La noche era tan fría como la cena que yacía en el centro de la mesa del comedor y que a ninguno de los invitados apetecía consumir, el baile y la degustación de alcohol resultaban más interesantes para los adultos y los adolescentes, los niños se distraían en una espaciosa sala de juegos. La casa del tío Juan era inmensa, había sido la más grande herencia que le había dejado su padre y que ahora prometía al mayor de sus hijos, su favorito.
El patio central, de forma circular y rodeado por muros de cristal, era la pista de baile, largos corredores cruzaban la propiedad desde el jardín hacia los salones y habitaciones.
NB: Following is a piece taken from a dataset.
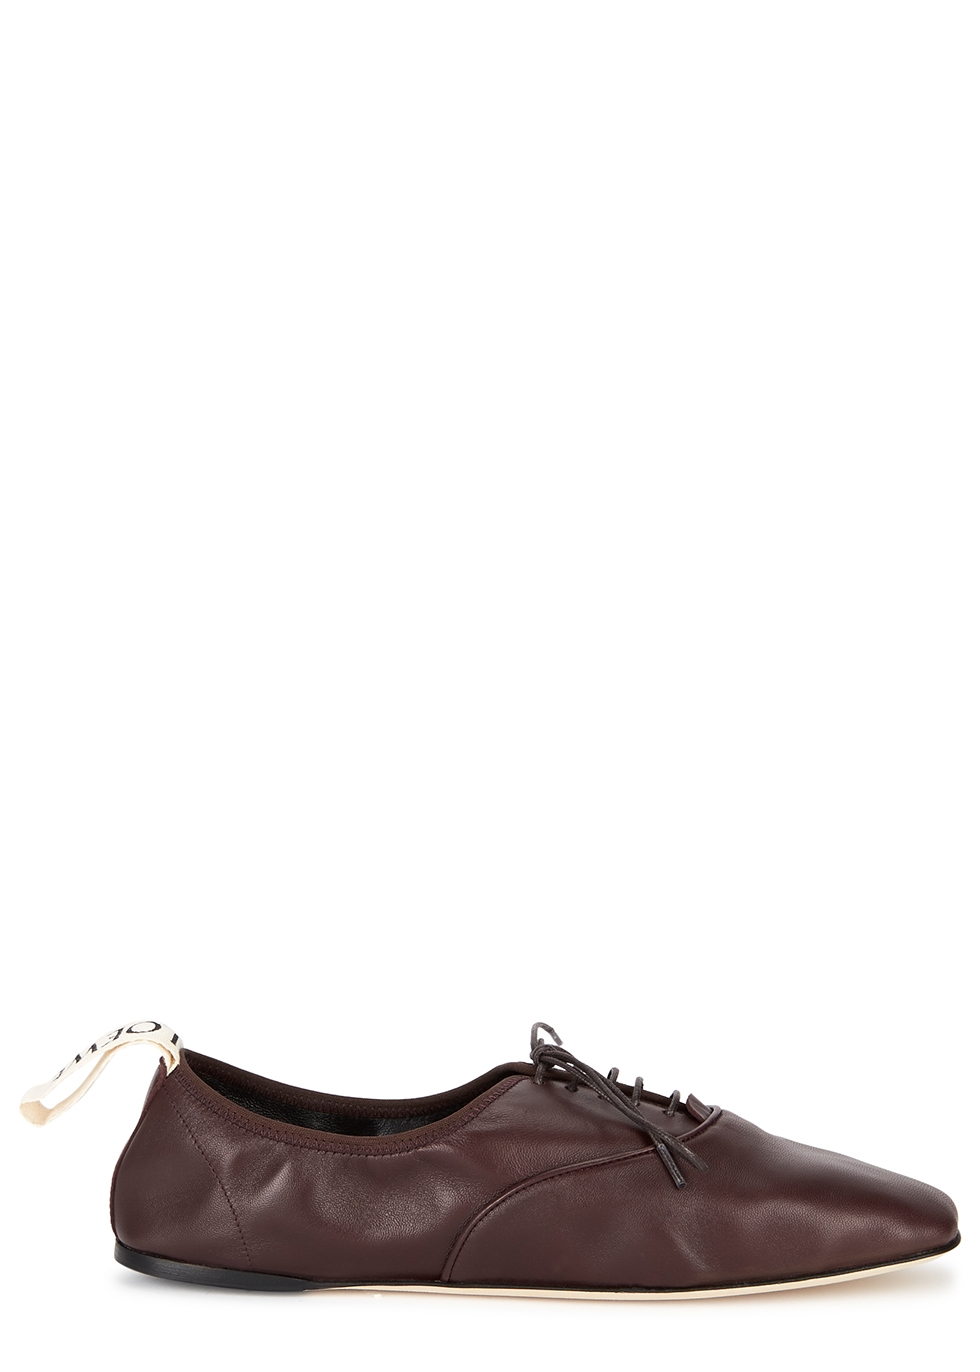 Loewe Burgundy leather Derby shoes

Áreas verdes se coloreaban entre los corredores, perros de raza grande habitaban en ellas. Al final de uno de estos pasillos se encontraba la sala de juegos y la habitación de Adán.
Pasadas las celebraciones de Navidad y Año Nuevo, los hermanos de Juan debían viajar de regreso a casa, sólo su hermano menor, Adán, de quien su hijo favorito tenía el nombre, permaneció una noche más, el aeropuerto del que él y su familia volarían la mañana siguiente se encontraba próximo al lugar. Las vacaciones de invierno habían terminado.
Sonaba la media noche y la familia se encontraba repartida en las habitaciones, algunos en cama y dispuestos a iniciar las horas de sueño. Sólo el pequeño Aristeo, uno de los hijos de Adán, rondaba en los pasillos oscuros e investigaba en las habitaciones vacías de aquella mansión. No podía conciliar el sueño, tenía miedo a volar. Alister, su hermano gemelo, le seguía en silencio.
Tras visitar las habitaciones que conocía desocupadas, Aristeo se dispuso a jugar con un castillo de Legos que encontró en la sala de entretenimiento. Tras emparejar la puerta y encender una lámpara de piso, escuchó un suave sonido al fondo de la habitación, Aristeo se acercó para verificar quién se encontraba en el lugar, Adán, su primo, dormitaba en un sofá cama en el rincón opuesto del cuarto. Aristeo decidió utilizar una lámpara pequeña más cercana al castillo.